The task :: Each line of the data has to be written out again exactly as shown.

Data below ::
■ ■ ■ ■ ■

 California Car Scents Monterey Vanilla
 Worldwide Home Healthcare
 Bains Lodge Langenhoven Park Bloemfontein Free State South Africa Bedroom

■ ■ ■ ■ ■

Task answer ::
 California Car Scents Monterey Vanilla
 Worldwide Home Healthcare
 Bains Lodge Langenhoven Park Bloemfontein Free State South Africa Bedroom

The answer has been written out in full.